King IVTM is set to have a major impact on how companies look at remuneration in 2019 and beyond, says Dr Mark Bussin, Exco Member of the South African Reward Association (SARA) and Chair of 21st Century.
“There has been a lot of discussion about King IV’s recommendations about non-binding votes and engaging with stakeholders about remuneration, but I think that the emphasis on single-figure reporting is likely to pose the greatest challenge—and have the longest lasting effects,” he says.
“Single-figure reporting is integral to King IV’s move towards a full disclosure view of remuneration, not the traditional one based exclusively on just providing director remuneration in lengthy tables.” To arrive at the single figure recommended by King IV, companies will have to undertake the difficult task of valuing the shares to which executives and directors are entitled, whereas in the past they were able simply to state what the awards were.
This move is aimed at making it easier for analysts as well as other stakeholders to gain a consistent view of the company’s true position.However, given the fact that market values and company performance are both highly unpredictable, a fair amount of educated guesswork will be unavoidable.
The answer, Dr Bussin, believes, is to decide on a methodology for arriving at the desired value and then use it consistently over time.“In the end, we are looking to understand the direction in which the company is moving more than the absolute values,” he says. “It’s very important also to disclose the assumptions on which the final conclusions are based.”
A related trend will be to get better at performance-related pay. Dr Bussin believes that a lot of work needs to be done in this area.
In particular, companies need to be better at disentangling luck from skill. To a large degree, company performance is determined by the market: in a rising market, everybody’s revenues go up, in a falling one, they go down. He argues that performance-based remuneration should reflect out-performance of the average rather than simply rewarding better performance.
“To be fair, the reward should be based on how much more the company has risen than its peers in a rising market, or on how much less it declined in a falling one,” he explains.
“People get unhappy about high executive remuneration when they cannot see a link between what the executive in question did and the company’s performance. Companies will therefore need to get much better at articulating what an individual actually did to earn his or her bonus.”
A third key trend for 2019 will be closing the gap between what is paid to men and women for doing the same job, and also between the highest and lowest paid within an organisation.
To make progress in these areas, and to avoid simply mindlessly complying with legislation or codes, it will be necessary for companies to explain what lies behind their remuneration strategy, and how they propose to move towards a fairer dispensation.
He argues that the gap between highest and lowest wages within the company is perhaps the most worrying because it is currently widening, and the lowest paid employees are particularly vulnerable to the impact of artificial intelligence and robotics as the so-called Fourth Industrial Revolution gathers pace.
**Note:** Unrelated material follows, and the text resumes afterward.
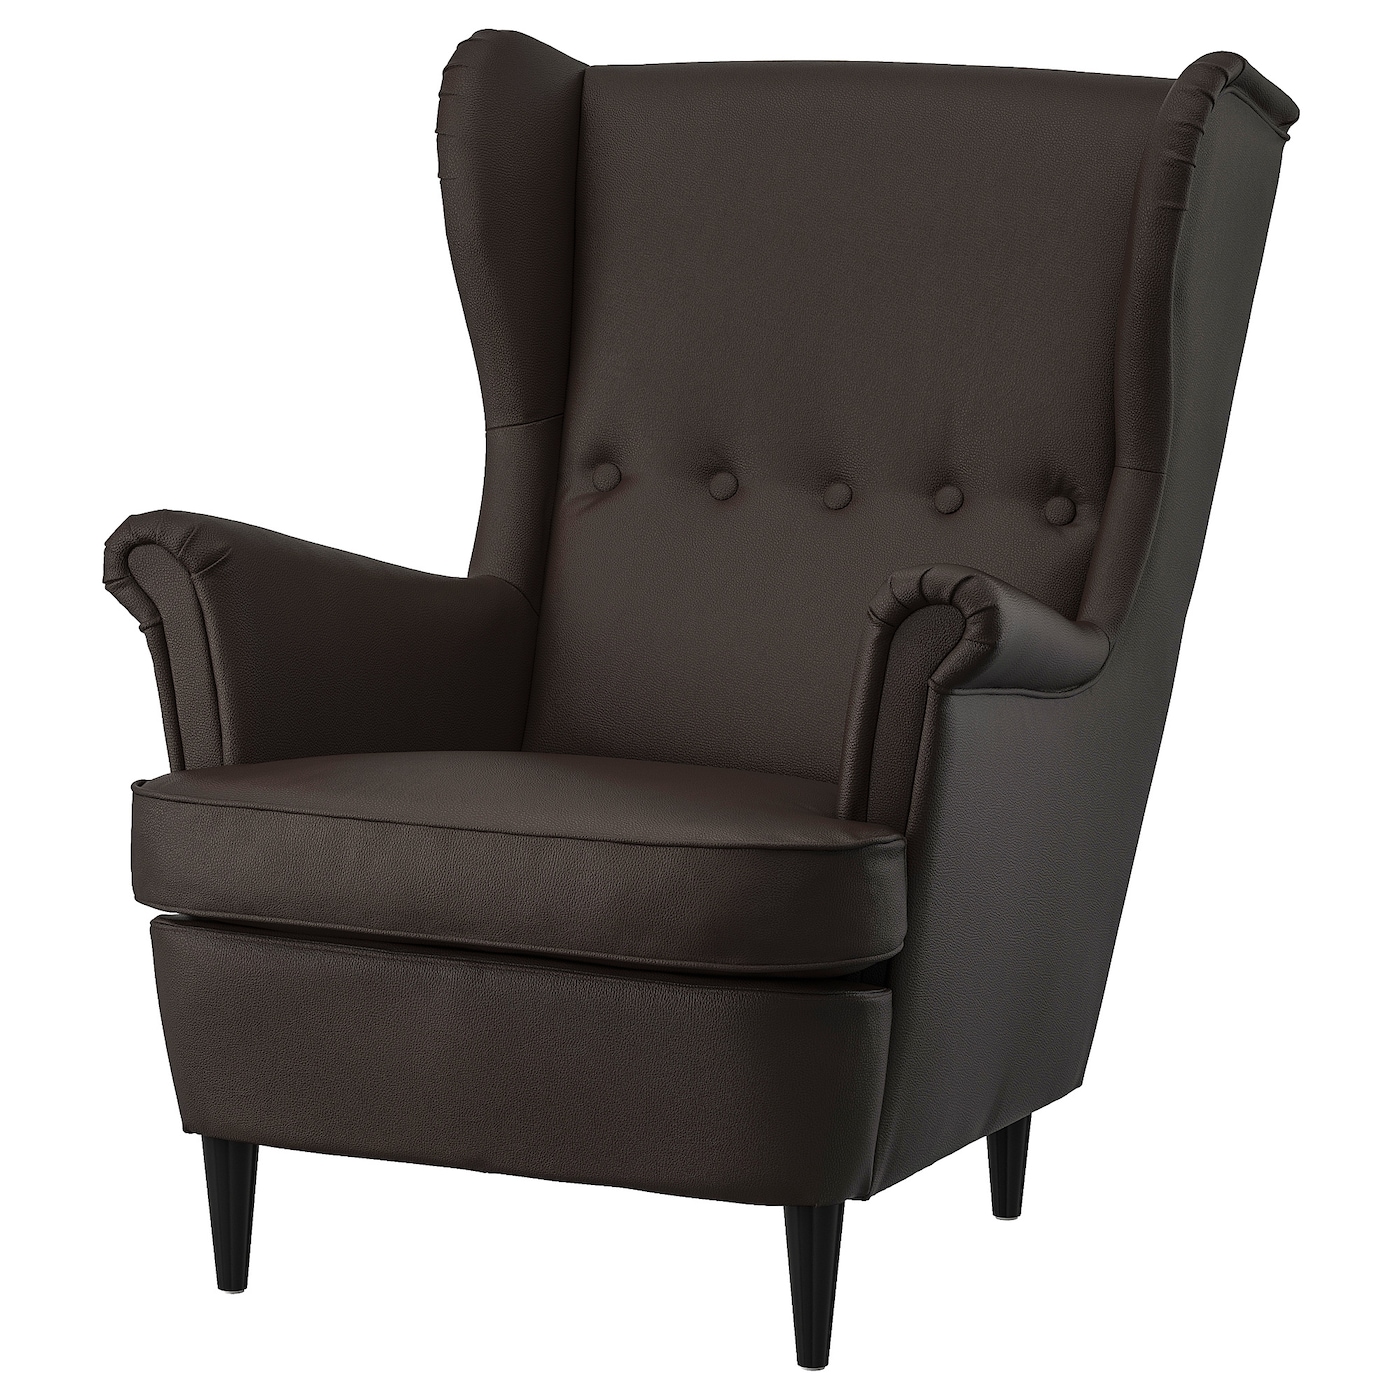 СТРАНДМОН Кресло, Гранн/Бомстад темно-коричневый STRANDMON IKEA офисная мебель современного дизайна с высокой спинкой роскошное офисное кресло из натуральной кожи регулируемое удобное игровое кресло
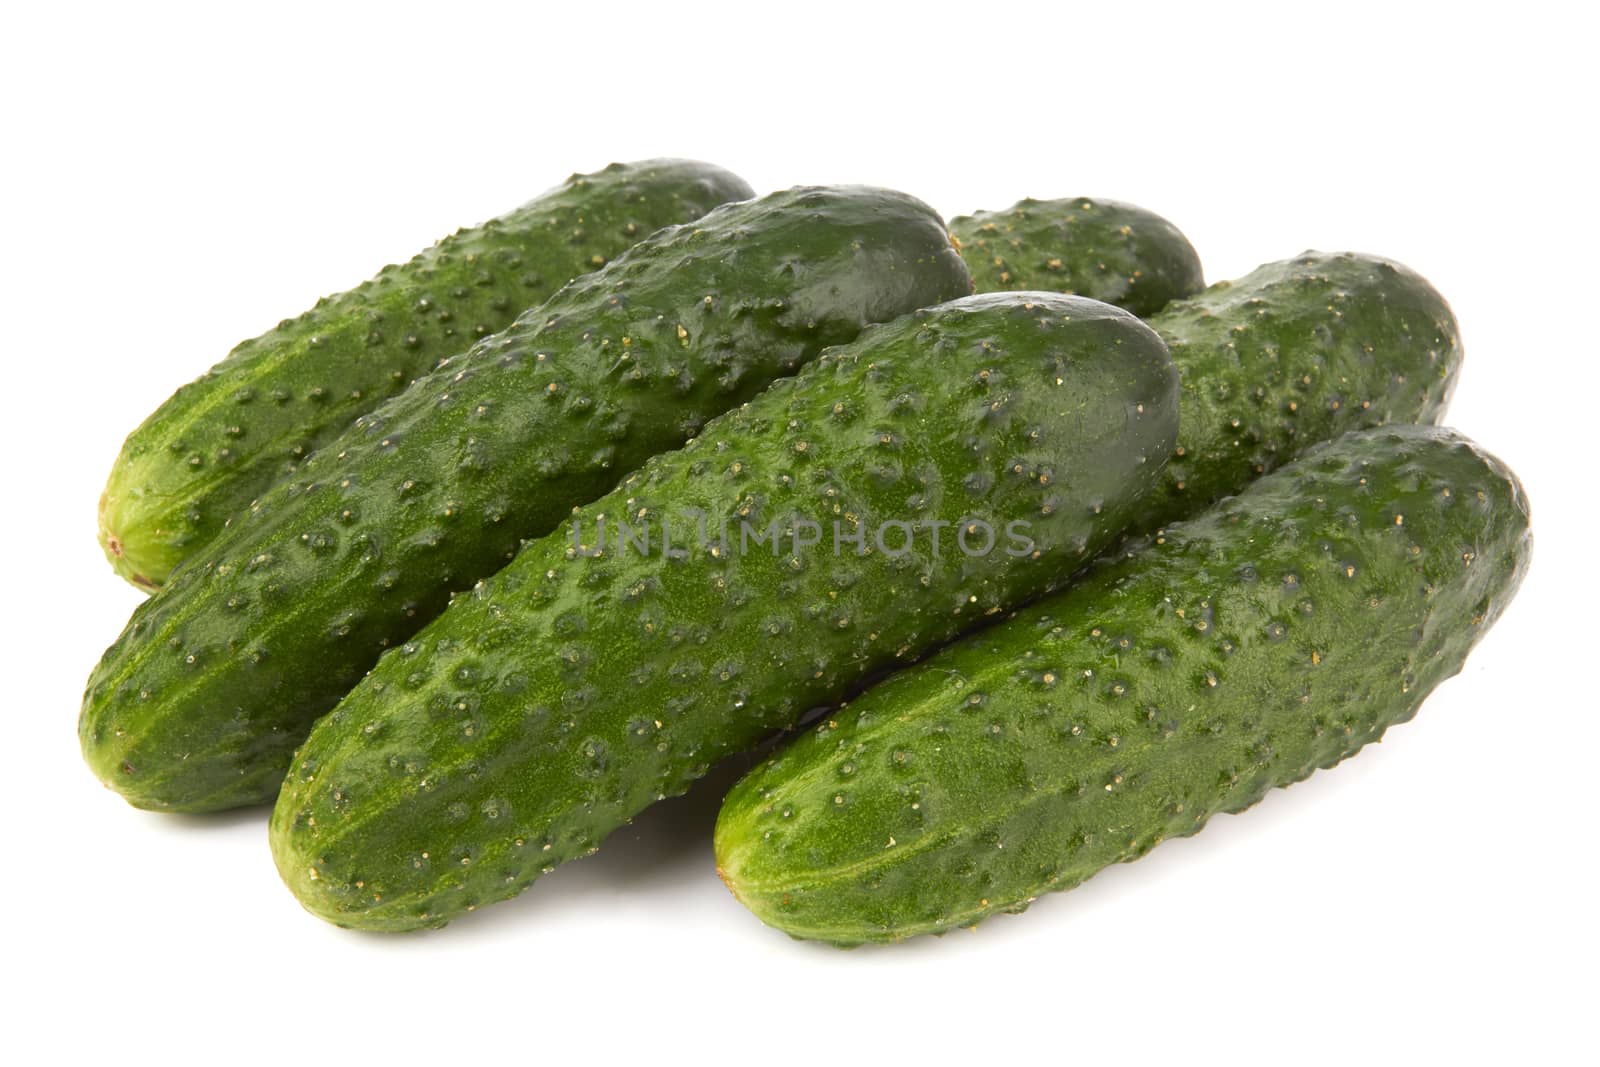 cucumbers by pioneer111

The only way to counter this, he believes, is to greatly increase the effectiveness of the educational system. Some commentators argue that in fact the Fourth Industrial Revolution will likely create more jobs than it destroys, but only for those with the right level of skill.
“All of these trends are ultimately powered by King IV’s welcome insistence that ‘performance measures that support positive outcomes across the triple context in which the organisation operates, and/or all the capitals that the organisation uses or affects’ should be used when crafting remuneration policies,” Dr Bussin concludes.
“The days of easy formulas are over: we have to be able to justify why we are paying what we do by showing that we are rewarding individuals who have created value for the company and society more broadly.”